Frequently Asked Questions

FAQ

Compilation

Job submission

Job execution

Files and storage

General

 


Why do I get a warning about feupdateenv not being implimented?

You may see this warning when using the Intel compilers on Guillimin, particularly when compiling MPI code using mpi wrappers such as mpicc or mpif90:

/software/compilers/Intel/2013-5-13.1.3/lib/intel64/libimf.so: warning: warning: feupdateenv is not implemented and will always fail

Intel links MPI programs with it's math library libimf. This library does not implement a function from the C math library, feupdateenv, and so it produces this warning to inform users. The warning is mostly harmless and can usually be ignored. To be certain that there will be no problems, you may wish to link your programs against both the C math library and the Intel math library (this may not suppress the warning).

mpicc -lm -limf ...

Why is my job blocked?

More information about blocked jobs can be found by using the 'checkjob -v jobID' command. Often, there is a line near the bottom of the output with a 'BLOCK MSG':

BLOCK MSG: job 12345678 violates active SOFT MAXPS limit of 77760000 for acct abc-123-aa  partition ALL (Req: 7142400  InUse: 99175336) (recorded at last scheduling iteration)
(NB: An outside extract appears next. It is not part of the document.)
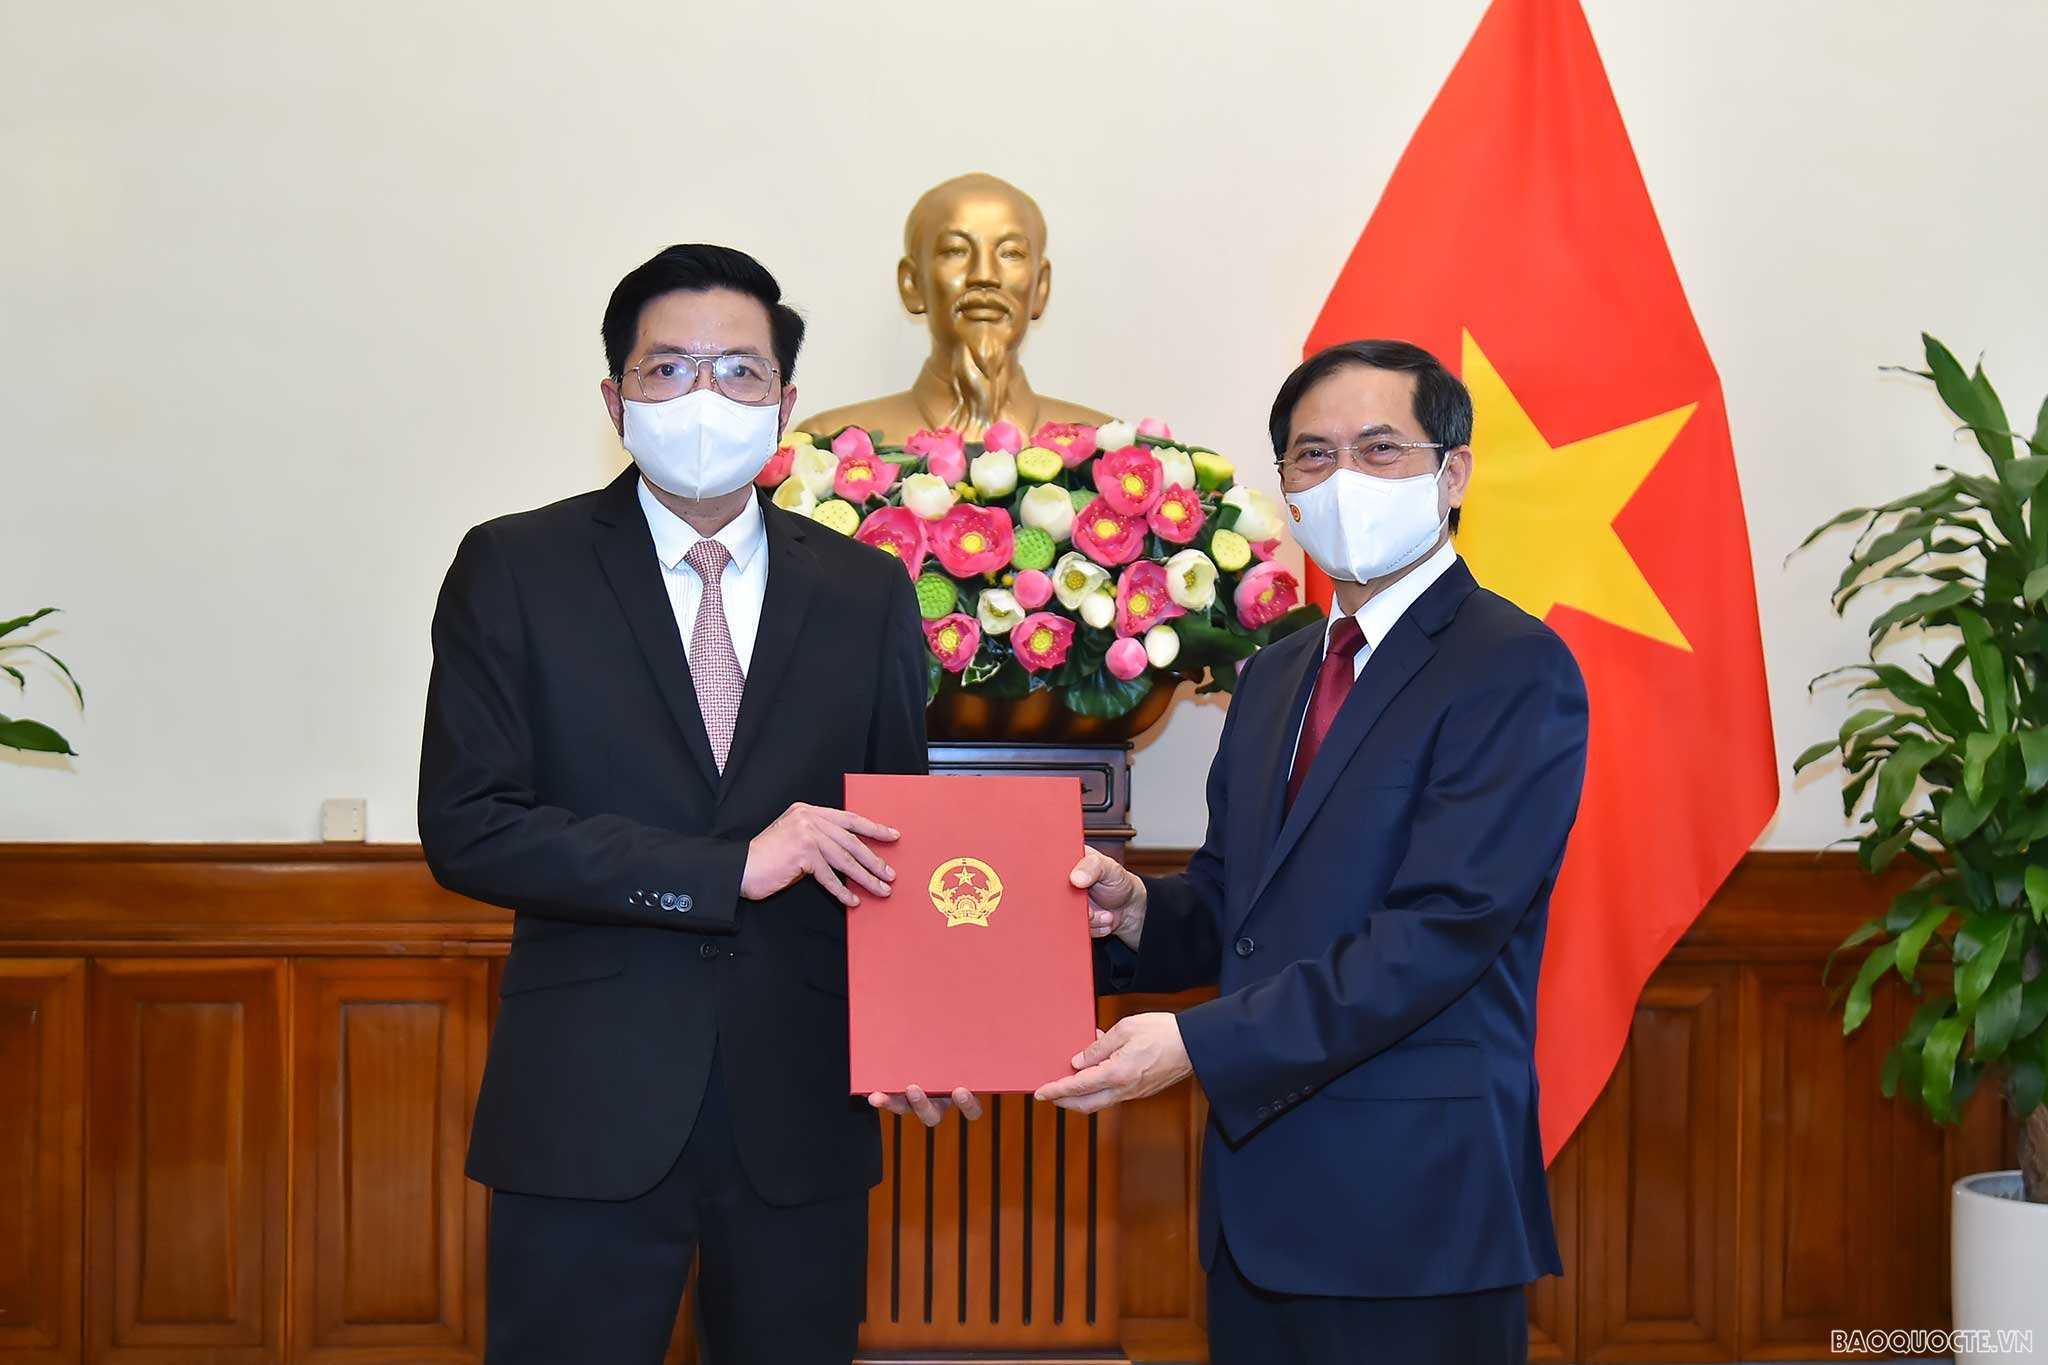 Bộ trưởng Ngoại giao Bùi Thanh Sơn trao quyết định điều động Vụ trưởng và bổ nhiệm Tổng Lãnh sự

The most common cause of blocked jobs is a violation of our MAXPS limit, indicating that your group has scheduled too many outstanding processor seconds at the same time. Descriptions of this and other scheduler policies (MAXIJOB, MAXPROC, etc.) are available on our Moab scheduling policies documentation page.

Jobs may also be blocked because of user-defined dependencies. In this case, there will not be a BLOCK MSG, but there will be a note with more information:

 NOTE:  job cannot run  (dependency 12345678 jobsuccessfulcomplete not met)

If your job is in a BatchHold state, there is a problem with the job submission that is causing the scheduler to repeatedly fail to schedule the job. Often, this is because the user has requested more processors per node than are available on the nodes. Please double check your submission parameters. If you think the job should run as it is, try using the 'releasehold jobID' command.

Please This email address is being protected from spambots. You need JavaScript enabled to view it. if you can't find an explanation for your blocked job in the checkjob -v output.


How to submit a job from a running job?

From a worker node, just use the qsub command. You should no longer connect to gm-schrmat:

qsub -A <RAPid> -q <queue_name> /path/to/script/<script_name>

Specifying a RAPid is always compulsory when using qsub on a worker node.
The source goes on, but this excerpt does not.